Set down, exactly and only, everything from the line containing "Teams from the" down to the line containing "7inch TFT LCD" in the data below; the pictures are not part of the copy.

*** Exercise material Section Begins ***

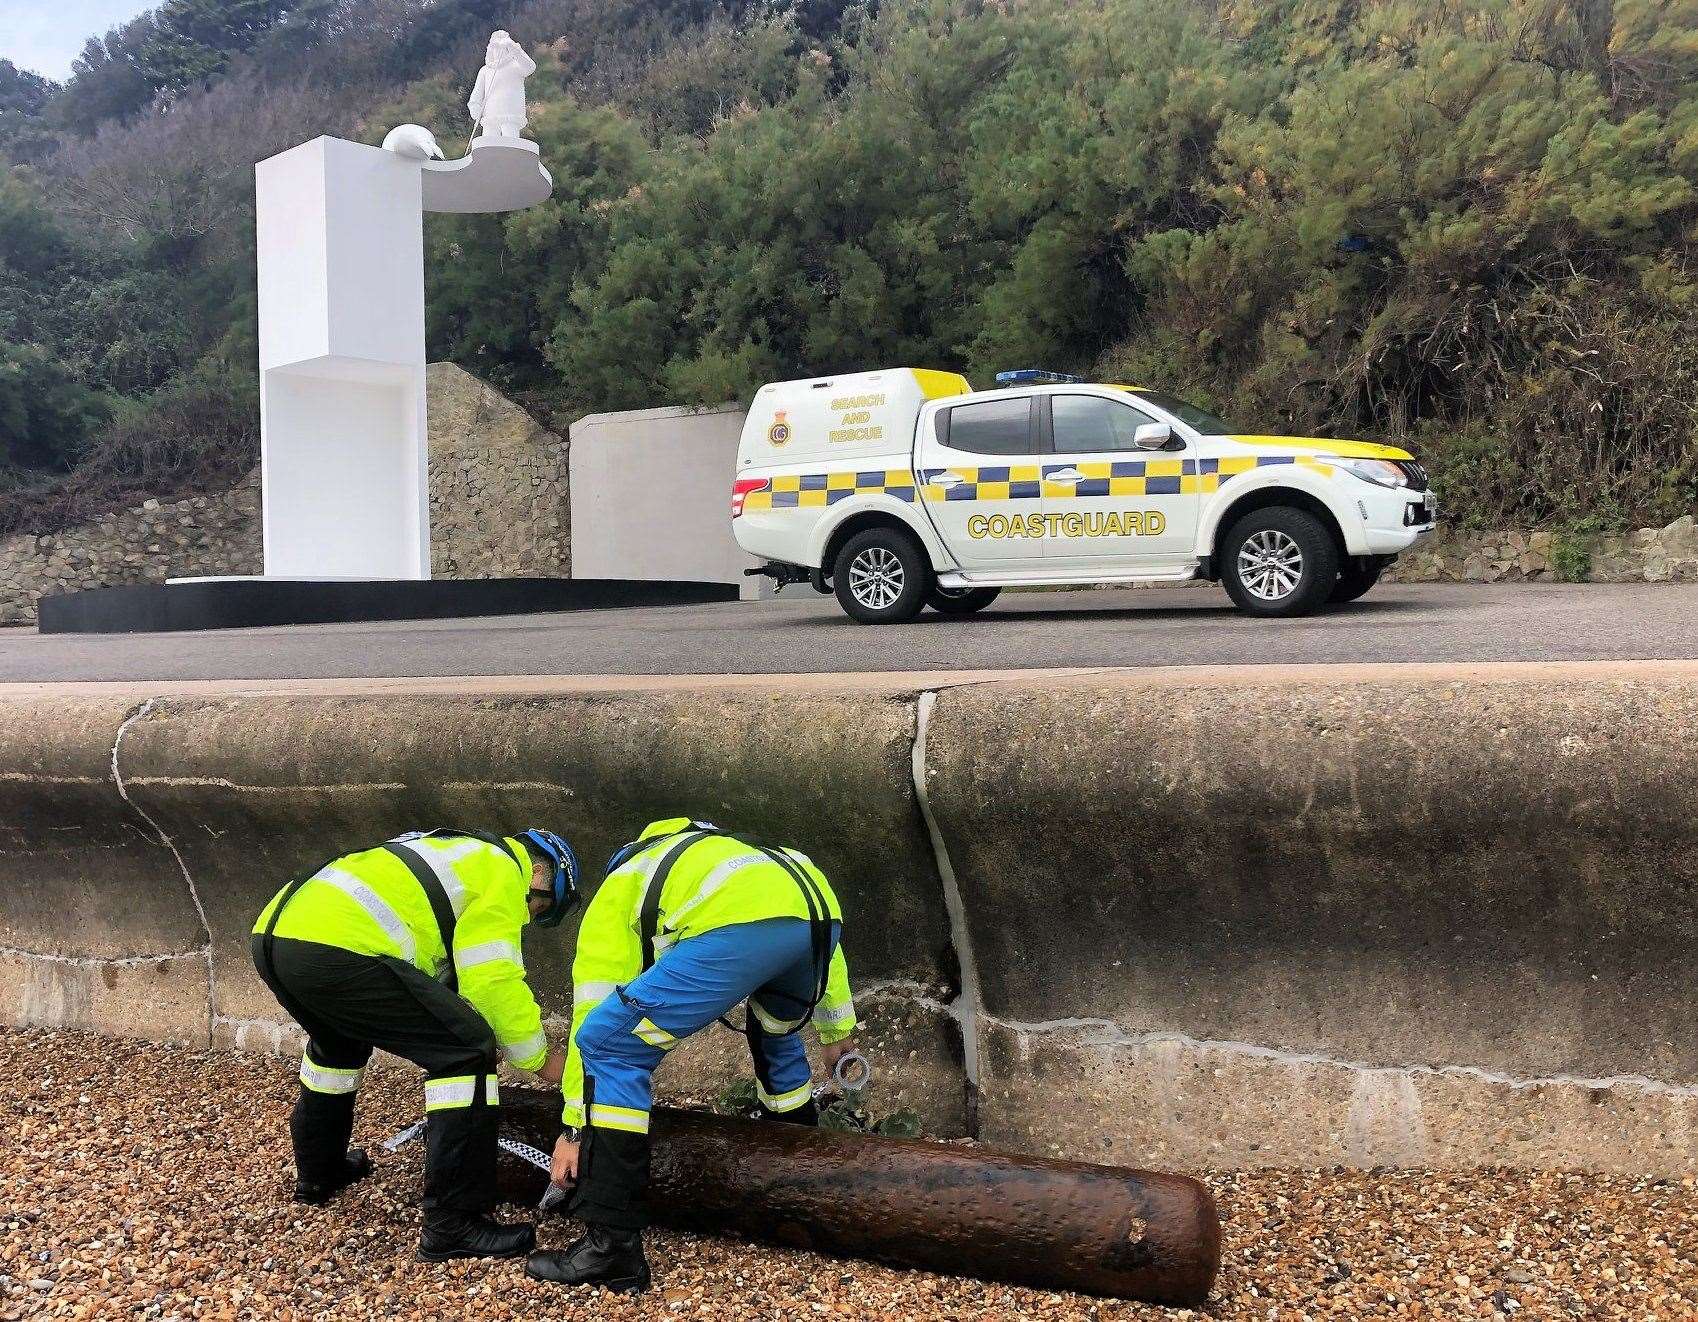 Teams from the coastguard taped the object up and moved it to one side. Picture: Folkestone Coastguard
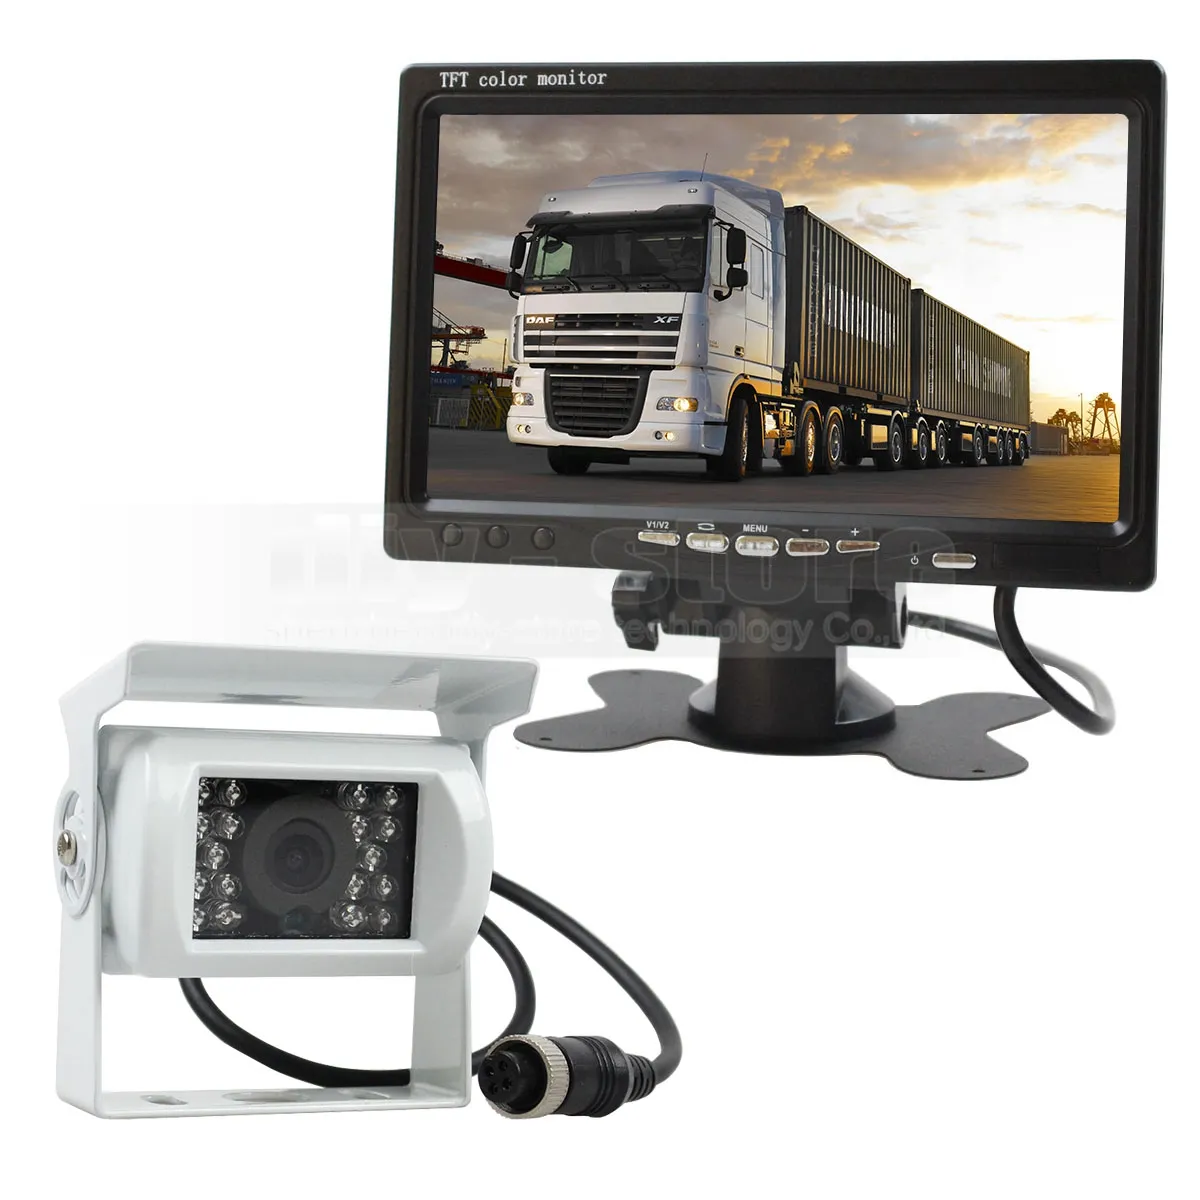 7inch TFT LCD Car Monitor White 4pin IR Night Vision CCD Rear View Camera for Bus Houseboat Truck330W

*** Exercise material Section Ends ***
*** Exercise material Section Begins ***

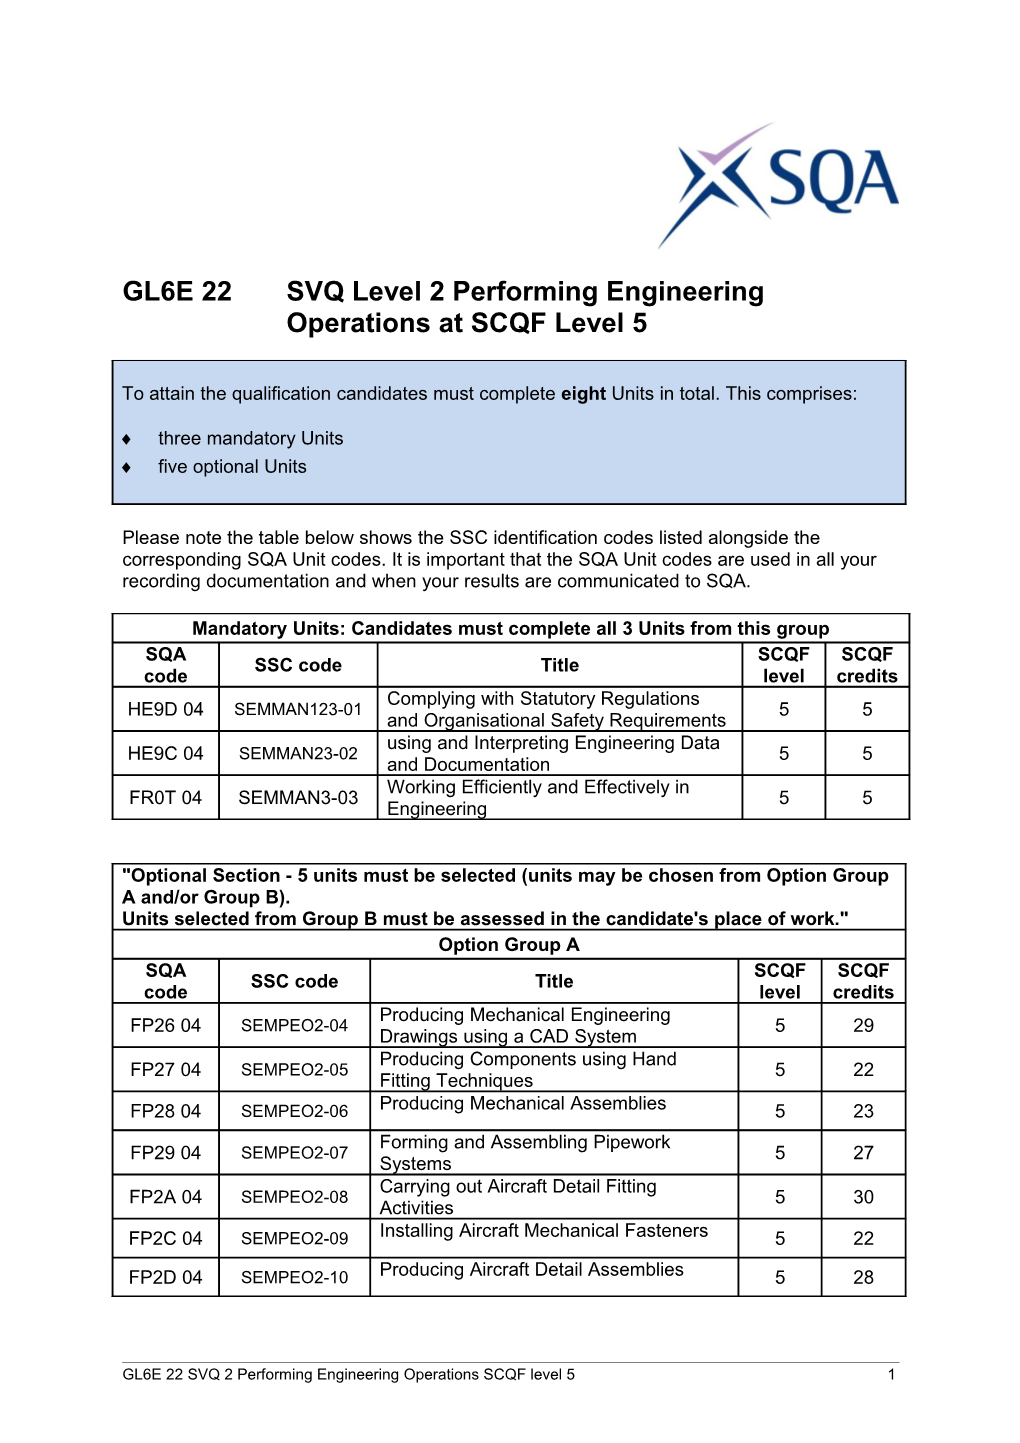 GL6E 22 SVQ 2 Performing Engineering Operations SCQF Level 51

*** Exercise material Section Ends ***

-- Task result --
 Teams from the coastguard taped the object up and moved it to one side. Picture: Folkestone Coastguard
 7inch TFT LCD Car Monitor White 4pin IR Night Vision CCD Rear View Camera for Bus Houseboat Truck330W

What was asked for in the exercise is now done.